The Classical Association of New England (CANE) is a professional organization for scholars and teachers of classical antiquity in New England. CANE was founded in 1906 by a group of "concerned collegiate Hellenists" led by George Edwin Howes of Williams College. Howes became the first Secretary-Treasurer of CANE and served in that capacity until 1920. Charles D. Adams of Dartmouth College was the first president.

== Overview ==
CANE was founded in 1906, one year after the Classical Association of the Middle West and South was founded in Chicago in 1905 as the first regional classical organization in the United States. CANE has always included both college and school teachers. Of the seven papers presented at the first meeting, three were given by college faculty and four by high-school faculty Since about 1995 it has been customary to elect the president alternately from school and college faculty, and the Annual Meeting is held on both college and school campuses throughout New England.
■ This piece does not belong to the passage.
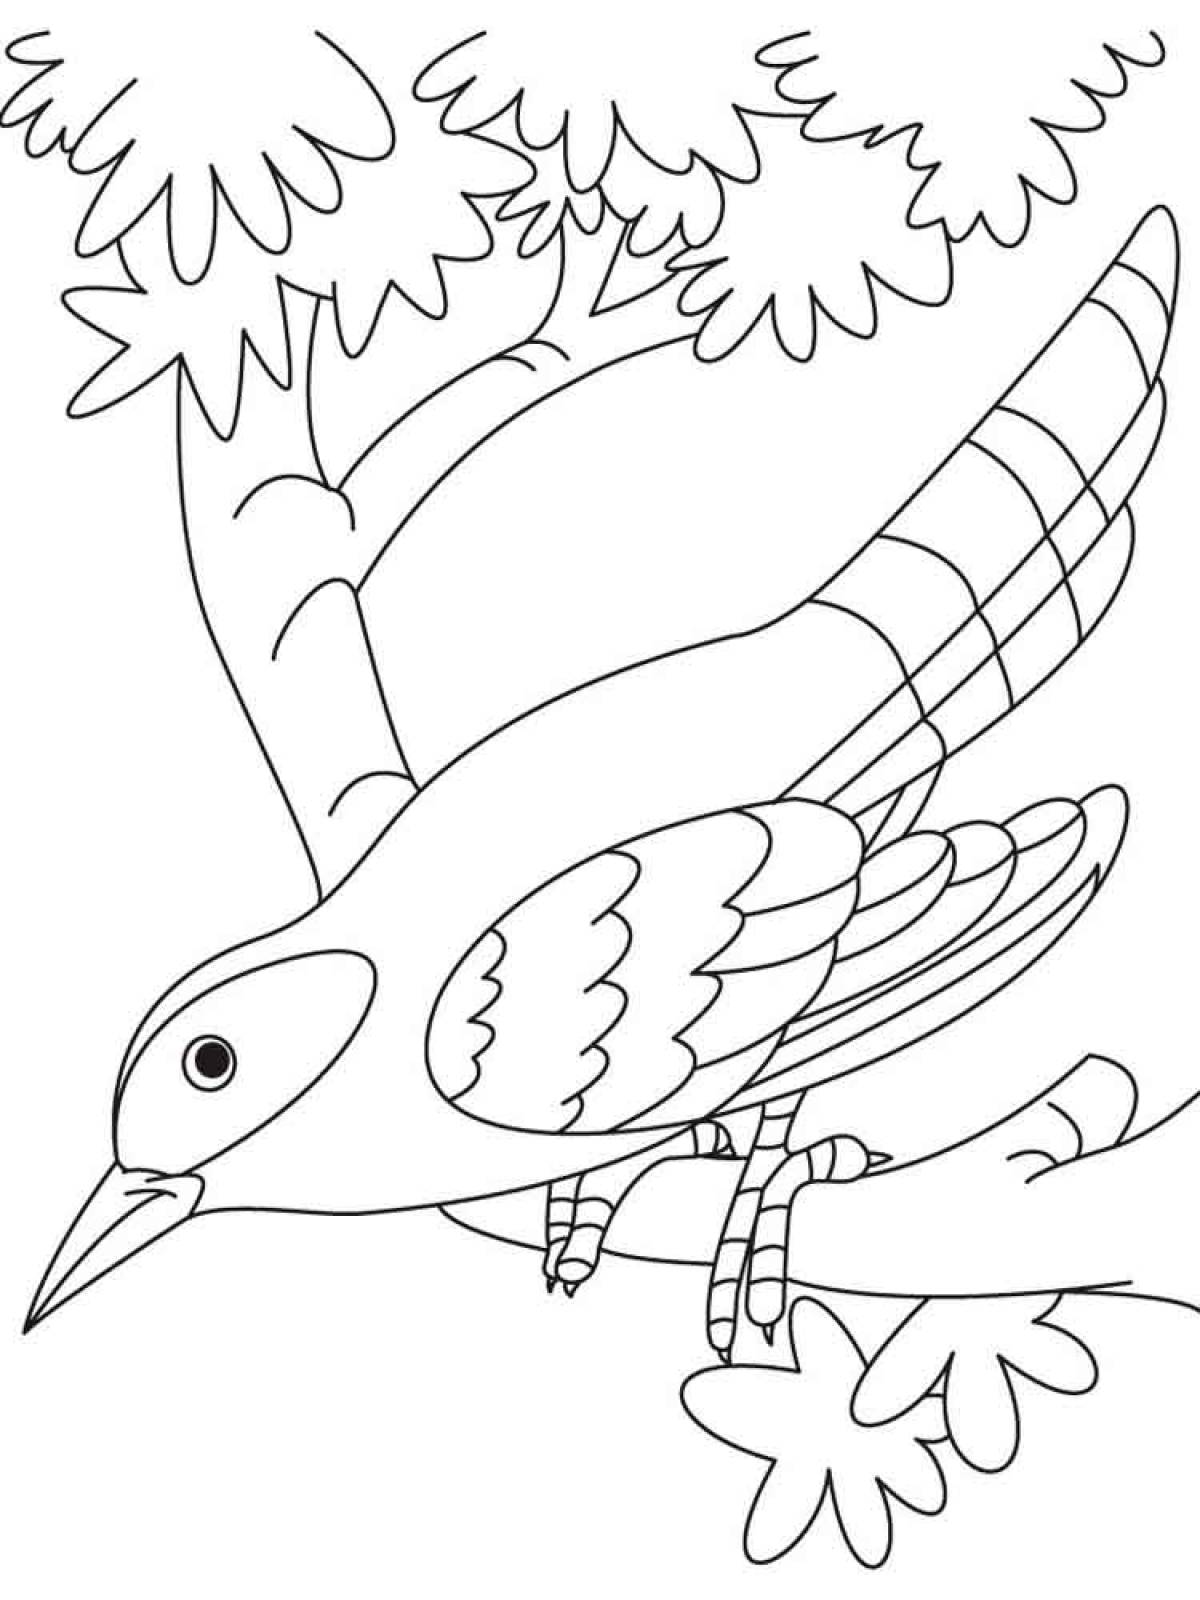 Перелетные птицы 4 5 лет. Птицы. Раскраска. Кукушка раскраска для детей. Птицы раскраска для детей. Птичка раскраска для детей.
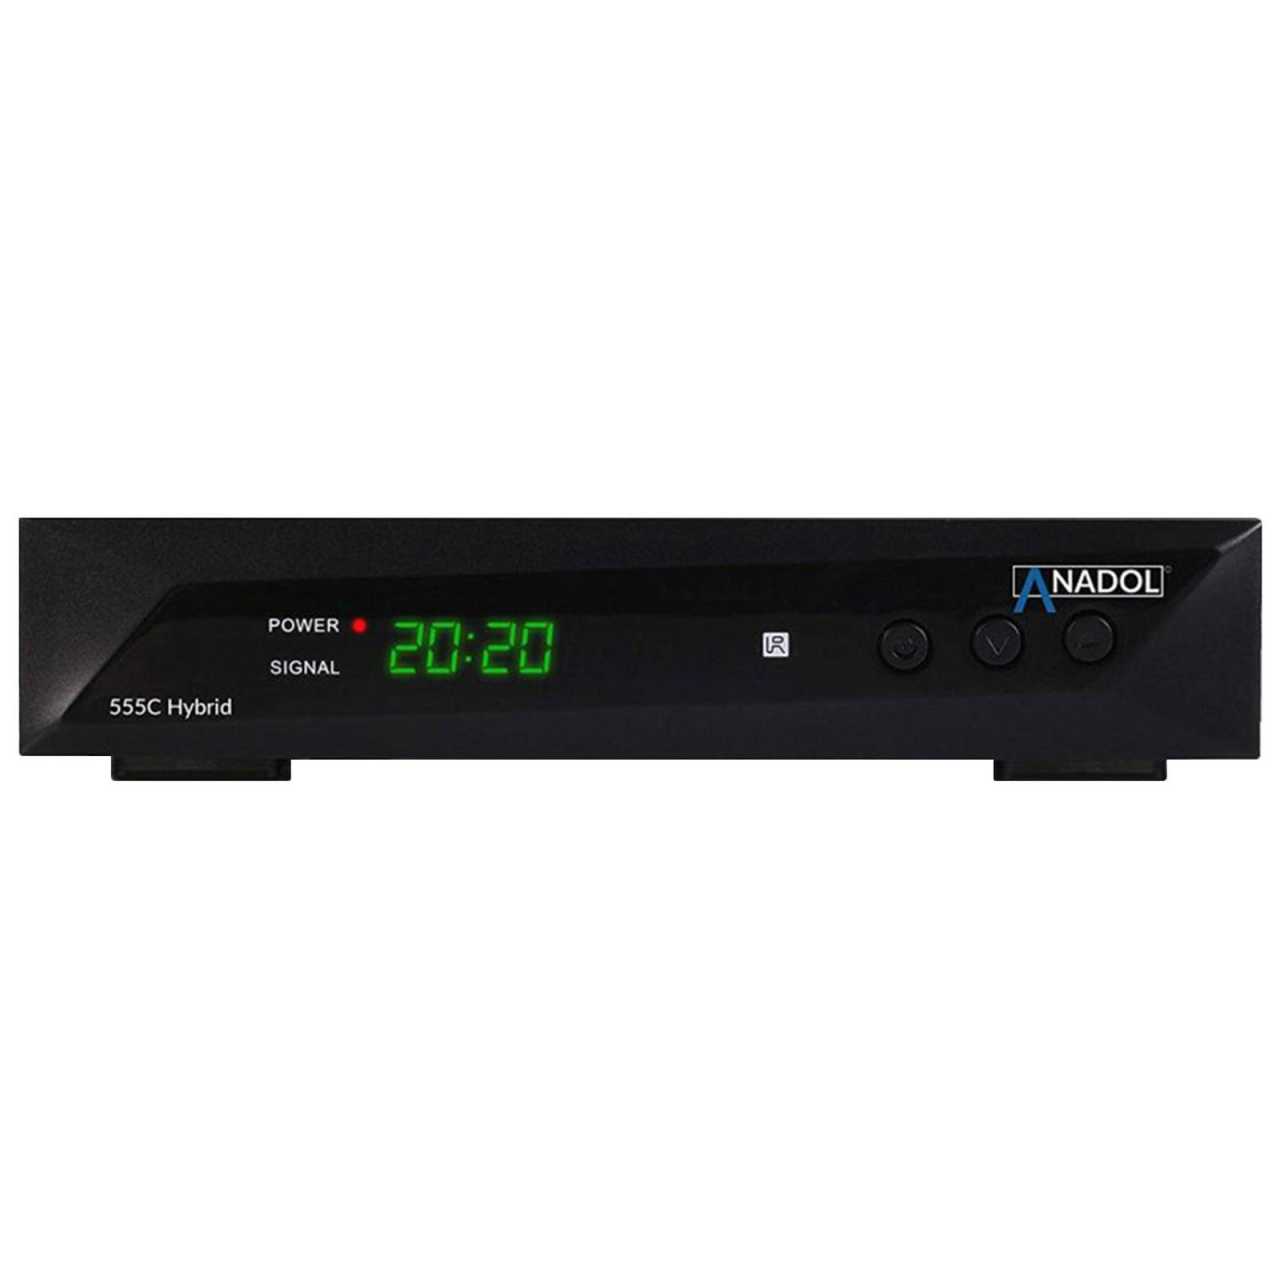 Anadol HD 555c Full HD DVB-T2/DVB-C/C2 Kabel Receiver PVR Timeshift USB HDTV mit DVB-T Antenne von Anadol

CANE holds an annual meeting in March of each year. It publishes the New England Classical Journal and, through the CANE Press, a collection of pedagogical materials. Each summer CANE runs the CANE Summer Institute, a two-week school with courses in classical literature, history, and art, and lectures open to the general public.

==CANE Awards==
CANE gives several awards to members, almost all named for members and benefactors of the association. The oldest is the Cornelia Catlin Coulter Rome Scholarship, which provides funds for the recipient to attend the summer session of the American School of Classical Studies in Rome. Cornelia C. Coulter (d. 1960), a professor at Mount Holyoke College, anonymously provided the first funds for this award in 1947, while she was president of CANE; she later served as president of the American Philological Association.

The Matthew I. Wiencke Teaching Prize is awarded each year to a teacher in an elementary or secondary school. It is named for Matthew I. Wiencke (d. 1997), of Dartmouth College. He was one of the founders of the CANE Summer Institute and was executive secretary of CANE from 1989 to 1993.

The Edward Phinney Fellowship, awarded every three years since 1998, provides support for Ancient Greek programs in secondary schools.

The Phyllis B. Katz Student Prize for Excellence in Undergraduate Research is awarded each year to a student whose paper is accepted for presentation at the CANE annual meeting. There is also a writing contest for high-school students.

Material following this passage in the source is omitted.